He Yuxin, Liu Shuchang, Zheng Ting, Fu Wei, Zhang Teng, Zhao Jie, Ma Tao
Department of General Surgery, Tianjin Medical University General Hospital, Tianjin 300052, China.
Department of General Surgery, the First Affiliated Hospital of Shandong First Medical University and Shandong Provincial Qianfoshan Hospital, Jinan, Shandong 250014, China.
Biochim Biophys Acta Mol Basis Dis. 2025 Oct;1871(7):167920. doi: 10.1016/j.bbadis.2025.167920. Epub 2025 May 22.
The aim of this study was to explore the therapeutic effect of berberine chloride (BBR) on postoperative ileus (POI) and unravel the mechanism by which BBR alleviates POI.

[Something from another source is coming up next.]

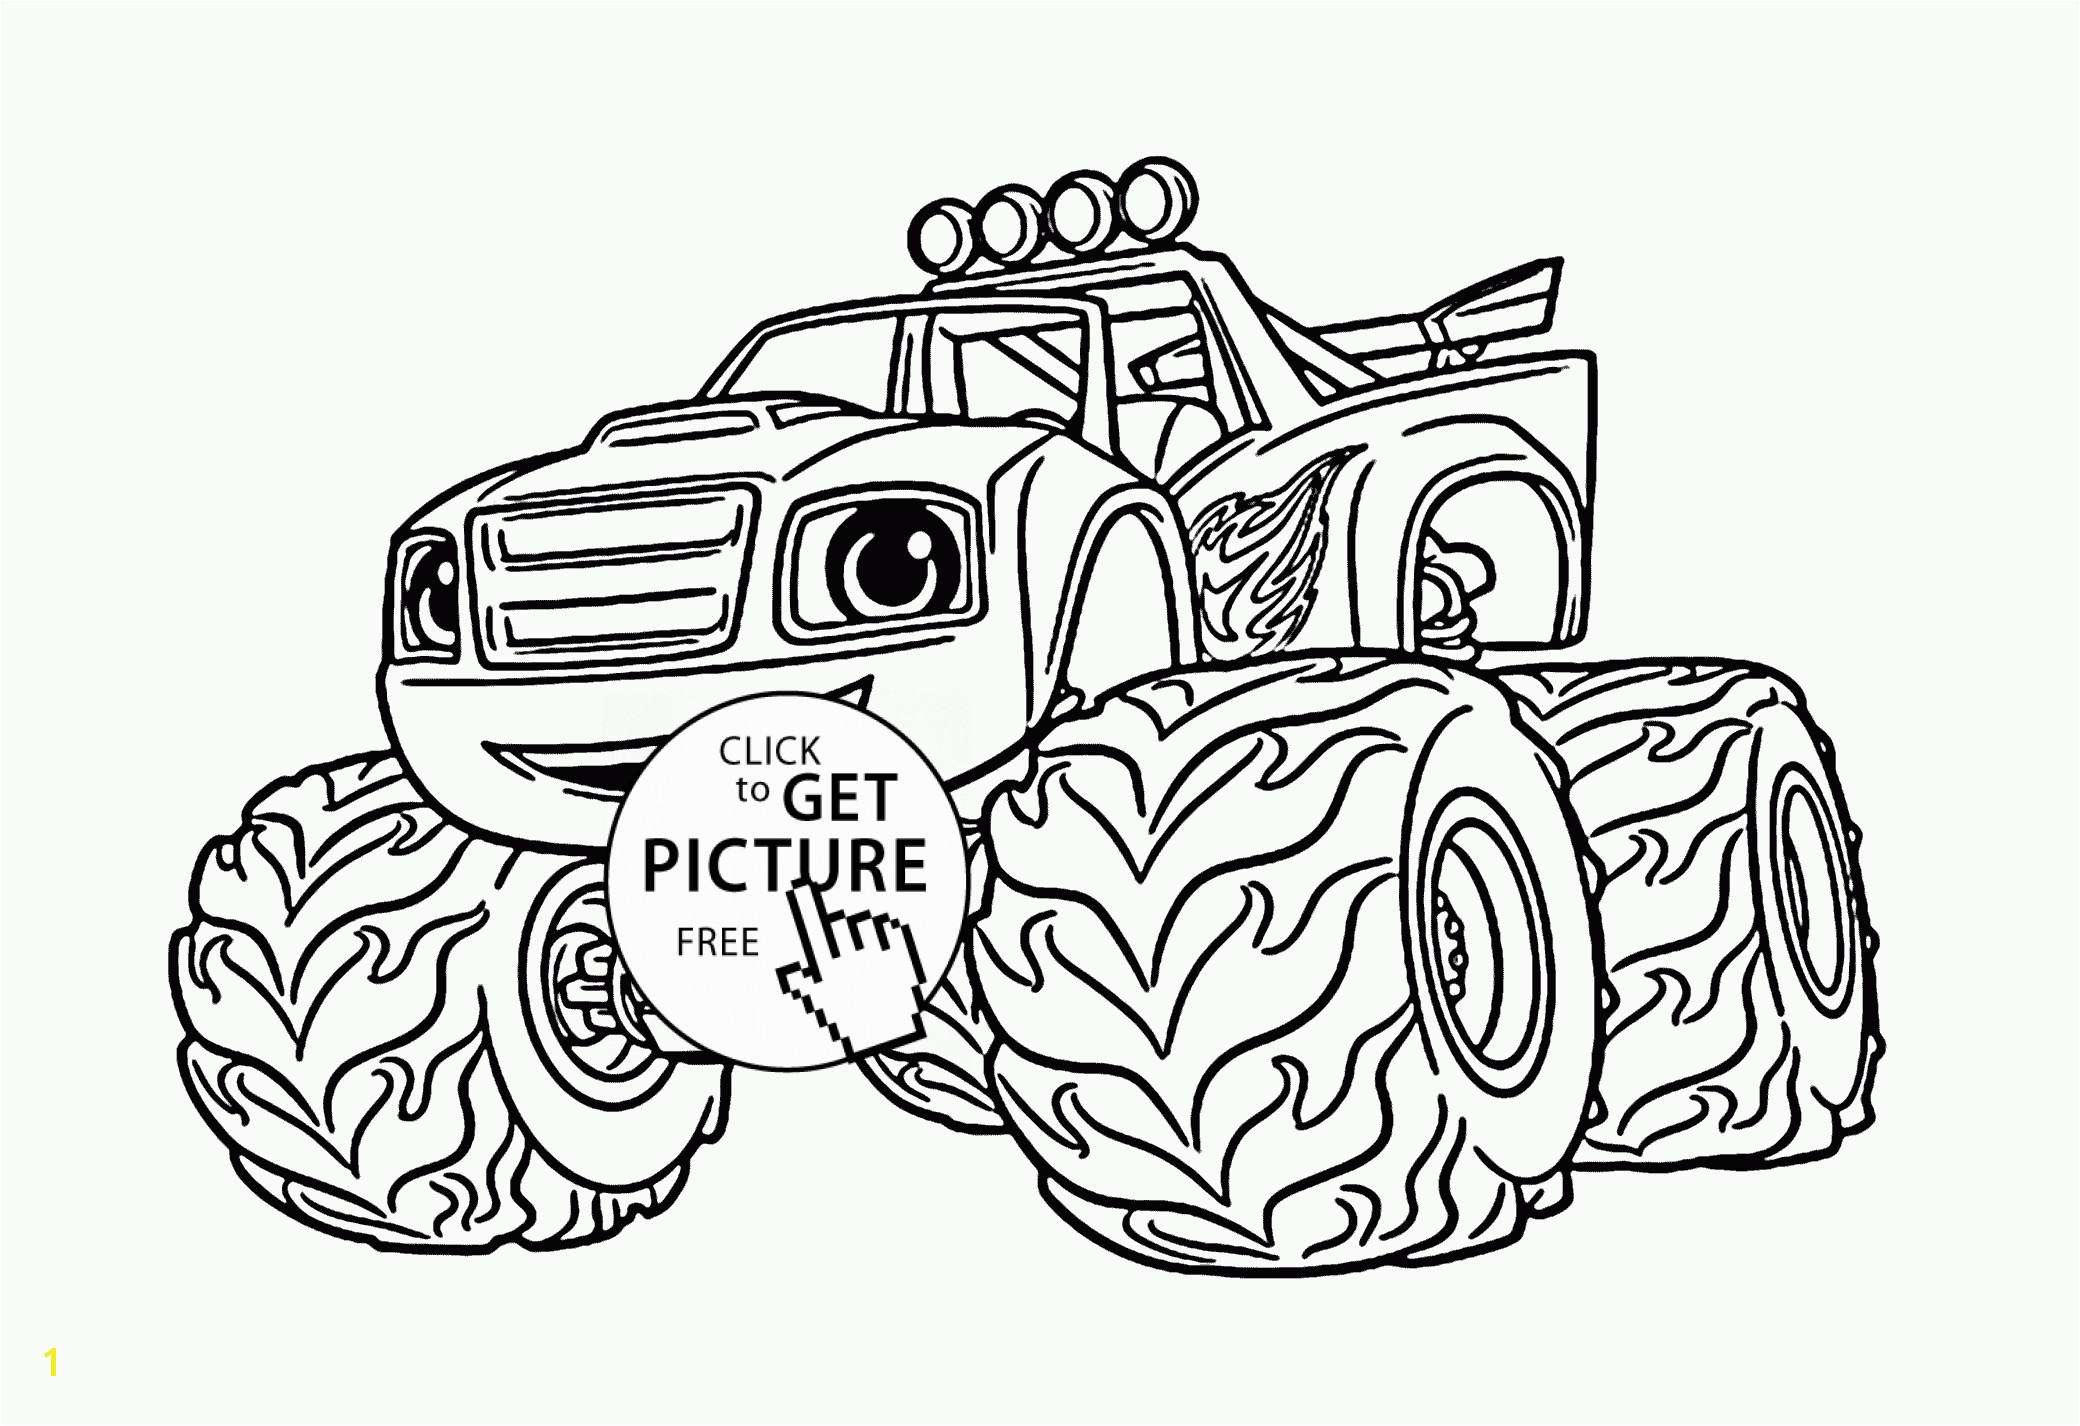 Coloring Pages Of Huge Monster Trucks Truck Drawing for Kids at Getdrawings

A POI model was established in mice through intestinal manipulation (IM). The impact of BBR on gastrointestinal motility and inflammation was assessed 24 h post-IM by evaluating gastrointestinal transit (GIT), cytokine expression, leukocyte infiltration and macrophage polarization in POI mice. Network pharmacology analysis was employed to explore the mechanism of BBR's action on POI. Bone marrow derived macrophages (BMDMs) were isolated for in vitro culture, and the influences of BBR on cell viability, cytokine production, macrophage polarization and the PI3K/AKT signaling pathway in BMDMs were evaluated.
BBR administration significantly attenuated the intestinal motility dysfunction, reduced leukocyte infiltration, inflammatory mediator expression, and M1 macrophage polarization in the intestinal muscularis of POI mice. Network pharmacology analysis indicated that BBR may exert anti-inflammatory effects on POI via the PI3K/AKT signaling pathway. In vitro studies demonstrated that BBR inhibited macrophage activation and M1 macrophage polarization without affecting M2 macrophage polarization. Further analysis showed that BBR inhibited M1 macrophage polarization by downregulating PI3K expression and AKT phosphorylation, while 740 Y-P, a PI3K pathway agonist, reversed this effect.
BBR markedly alleviates manipulation-induced intestinal inflammation in muscular tissue and restores intestinal transit in POI mice. Mechanistically, BBR exerts anti-inflammatory effects on POI by inhibiting M1 macrophage polarization via regulating the PI3K/AKT signaling pathway.
本研究旨在探讨盐酸小檗碱(BBR)对术后肠梗阻(POI)的治疗作用,并阐明BBR缓解POI的机制。
通过肠管操作(IM)在小鼠中建立POI模型。在IM后24小时,通过评估POI小鼠的胃肠转运(GIT)、细胞因子表达、白细胞浸润和巨噬细胞极化,来评估BBR对胃肠动力和炎症的影响。采用网络药理学分析来探索BBR对POI的作用机制。分离骨髓来源的巨噬细胞(BMDM)进行体外培养,并评估BBR对BMDM细胞活力、细胞因子产生、巨噬细胞极化和PI3K/AKT信号通路的影响。
给予BBR可显著减轻POI小鼠肠肌层的肠道运动功能障碍,减少白细胞浸润、炎症介质表达和M1巨噬细胞极化。网络药理学分析表明,BBR可能通过PI3K/AKT信号通路对POI发挥抗炎作用。体外研究表明,BBR抑制巨噬细胞活化和M1巨噬细胞极化,而不影响M2巨噬细胞极化。进一步分析表明,BBR通过下调PI3K表达和AKT磷酸化来抑制M1巨噬细胞极化,而PI3K途径激动剂740 Y-P可逆转这一效应。
BBR显著减轻操作诱导的肌肉组织肠道炎症,并恢复POI小鼠的肠道转运。机制上,BBR通过调节PI3K/AKT信号通路抑制M1巨噬细胞极化,从而对POI发挥抗炎作用。